Screen Shot 2014-11-23 at 5.49.45 AM

Profound shifts in thinking.

So true. And so powerful I’m taking it with me.

The memory of presenting “The Landscape of Workshop Across America” with the brilliant educators Jackie Catcher, Erika Bogdany, and Shana Karnes will keep my mind singing. They challenge my thinking regularly and help me find clarity when the chaos in my head gets too loud to hear the silence.

The memory of speaking to Katie Wood Ray in the hallway just prior to our session will keep me spinning as I continue to write.  As Shana says, “a living mentor text.” Such grace and insight. I’m acting on her counsel. [Want to join me in @lindaurbanbooks #writedaily30 challenge?]

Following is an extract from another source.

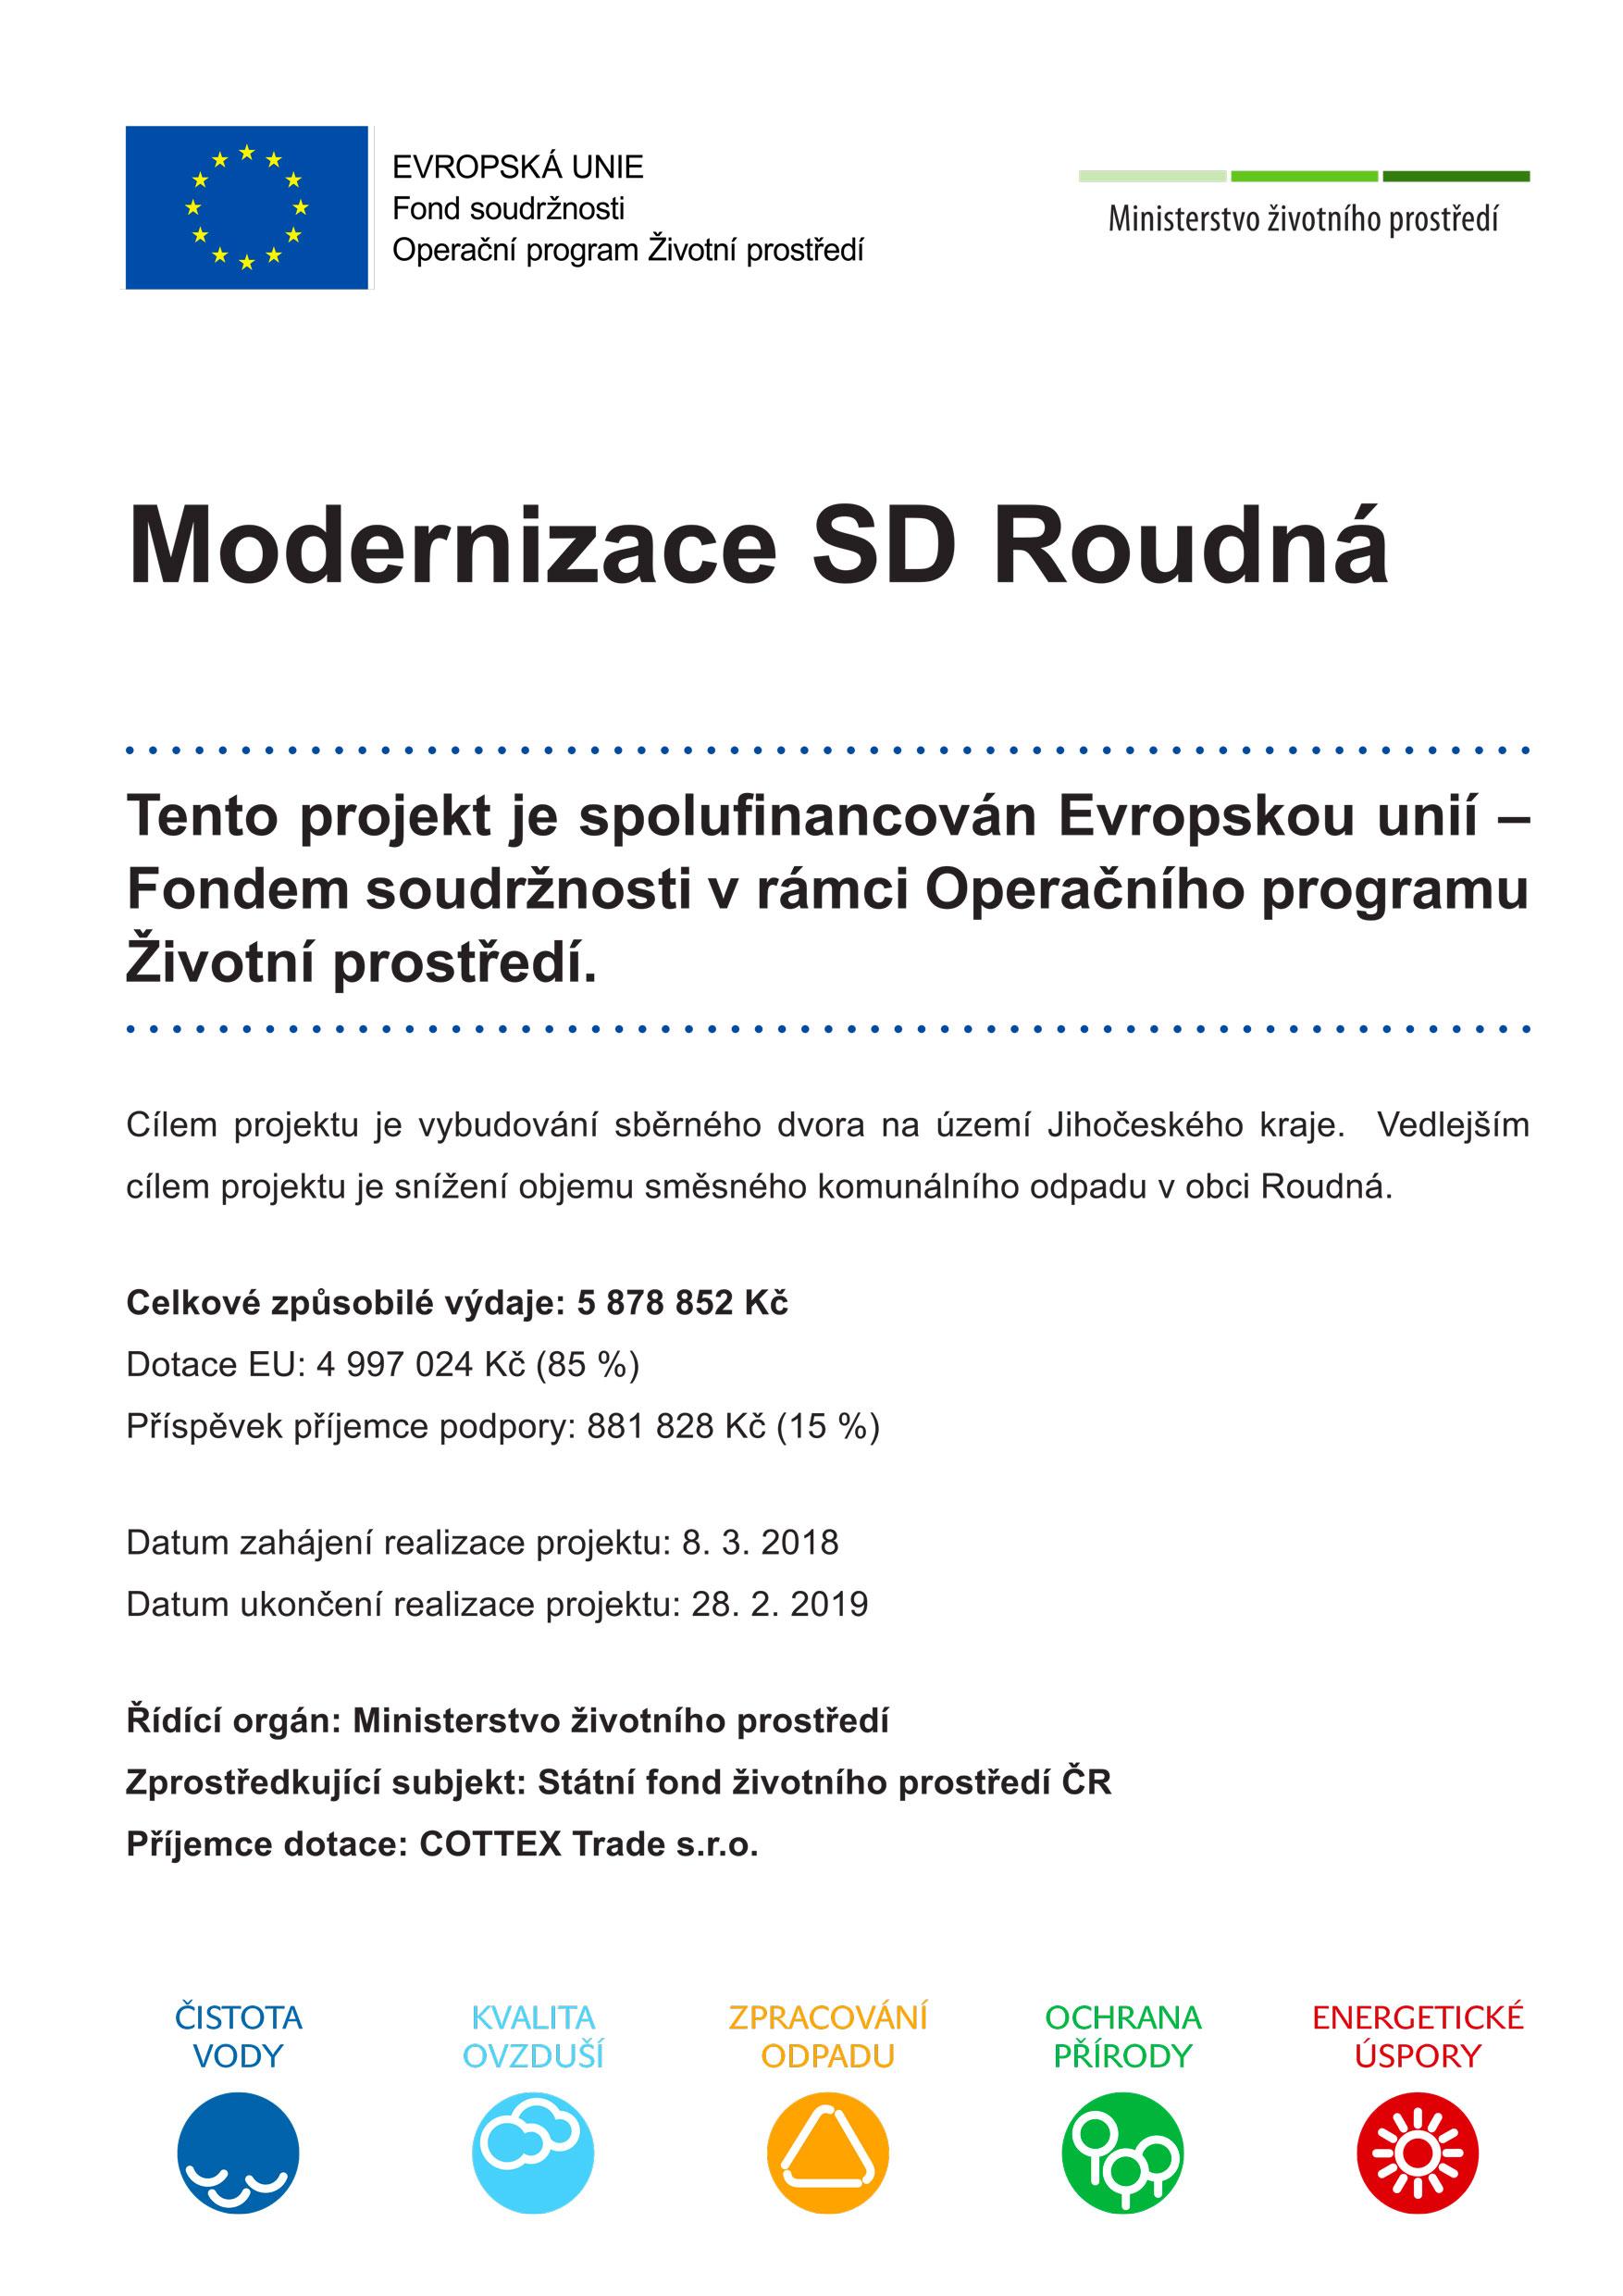 Modernizace-SD-Roudná_NEW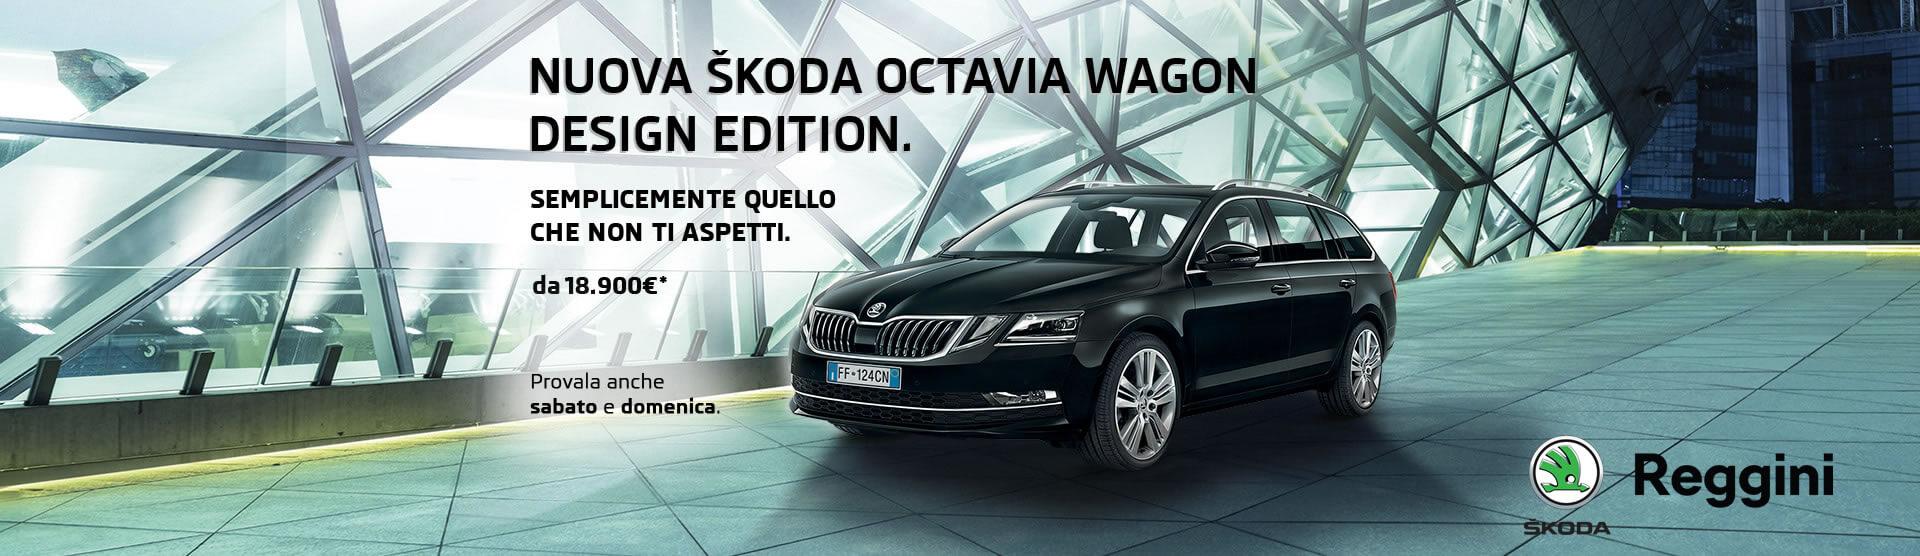 Nuova ŠKODA Octavia wagon Design edition da 18.500€ anche a Metano

The memory of hundreds of beautiful book covers screaming at me until I picked them up in the exhibit hall will keep me sinking into YA novels, devouring stories, so I can share them with my readers who need to devour them, too. Toomanybooksnotenoughtime.

I am exhausted but renewed.

And today I go to ALAN. If you’ve never stayed for that conference, if you love teens, books, authors, and reading, you might want to put it on your bucket list.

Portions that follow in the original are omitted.